- Давай, Иван Михайлович, побеседуем! Я понимаю, ты, конечно, меня не любишь, да и не за что такому человеку, как ты, любить такого, как я. Думаешь, не понимаю? Все понимаю, хоть я, Иван Михайлович, парень и простой. Но мы с тобой люди одного класса, мы не какая-нибудь там вшивая интеллигенция...
Хитрый митрохинский взгляд был брошен недаром, Андрей Андреевич умел мгновенно и совершенно безошибочно угадывать состояние тех людей, во мнении которых он был заинтересован, и, с ходу определив сейчас всю степень накала Лапшина, Митрохин подумал, что нужно выкинуть трюк, и пошел своим первым номером - откровенным признанием тяжелой ошибки.
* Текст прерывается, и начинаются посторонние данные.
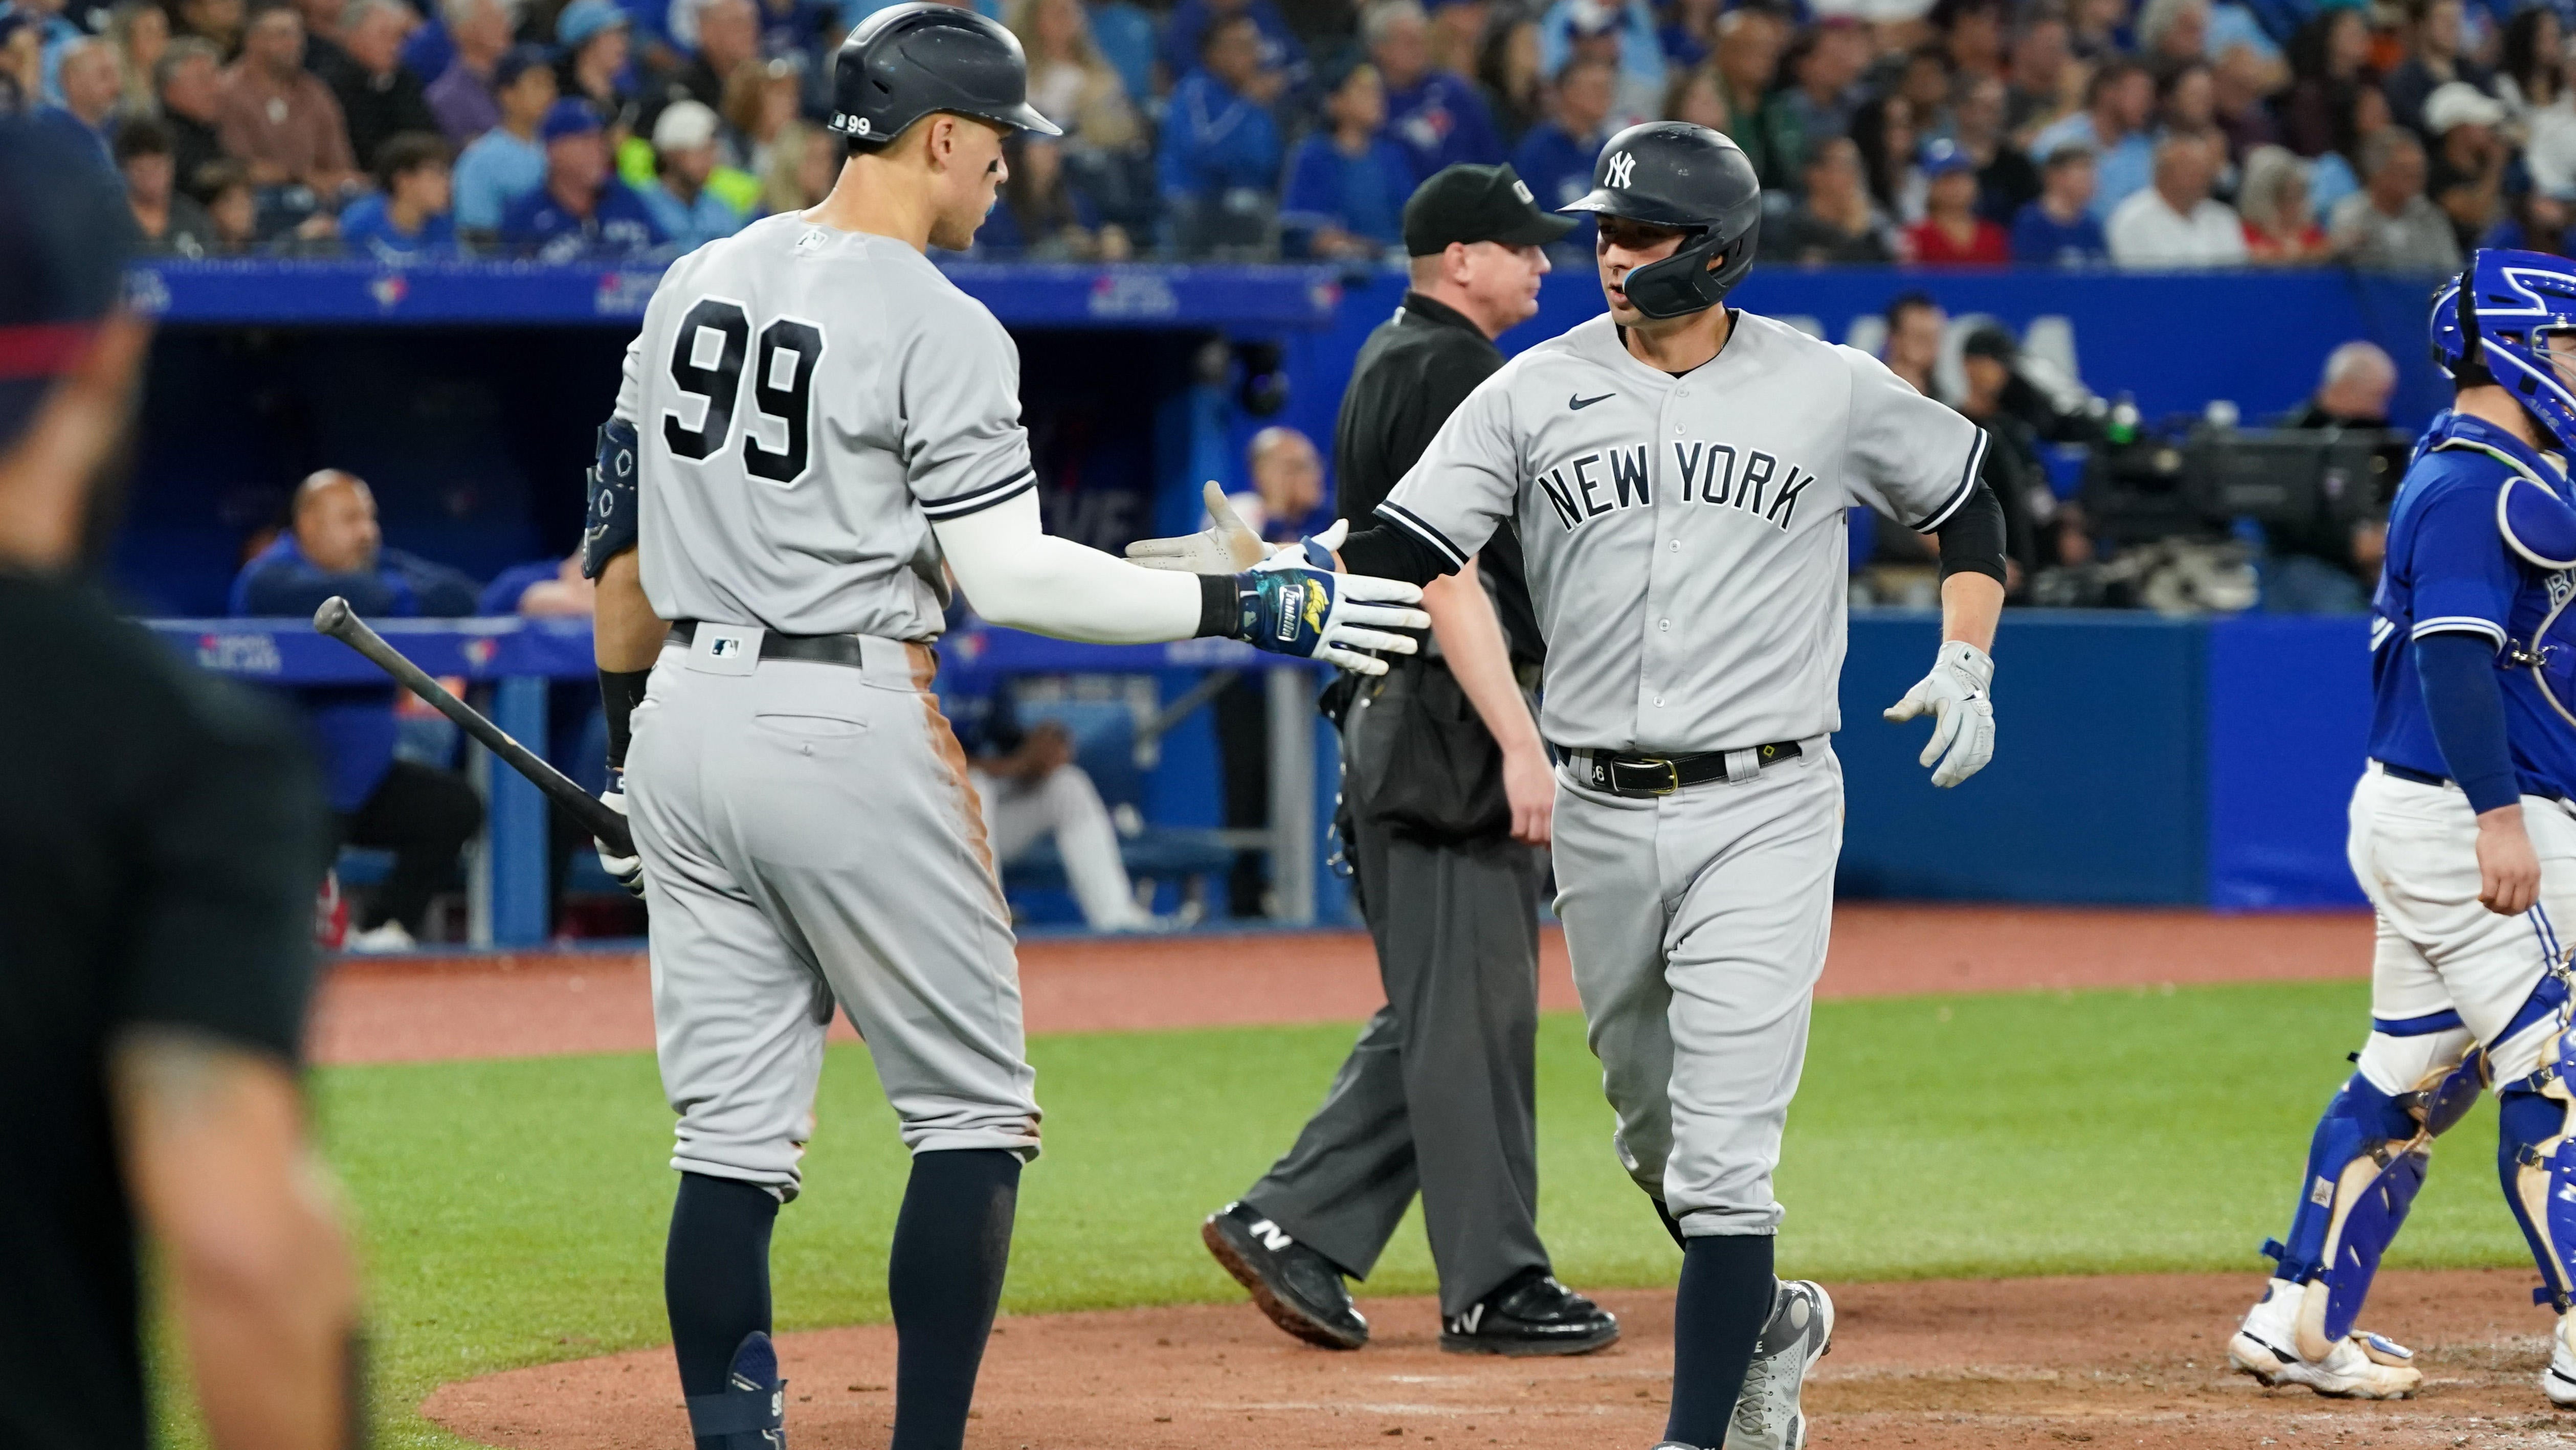 Yankees clinch AL East but Aaron Judge stuck on 60 in home-run

- Да, знаю! - сказал он, играя человека, который даже ломает папиросы, одну за другой, "от нервности". - Знаю, Иван Михайлович, можешь ничего мне не говорить. Маху дал, ошибся, сильно ошибся. Но ты ж помнишь, по-товарищески должен помнить, у меня как раз в то время мамаша скончалась...
(Иван Михайлович слегка вытаращил глаза - он совершенно не помнил, когда именно у Митрохина скончалась мамаша.)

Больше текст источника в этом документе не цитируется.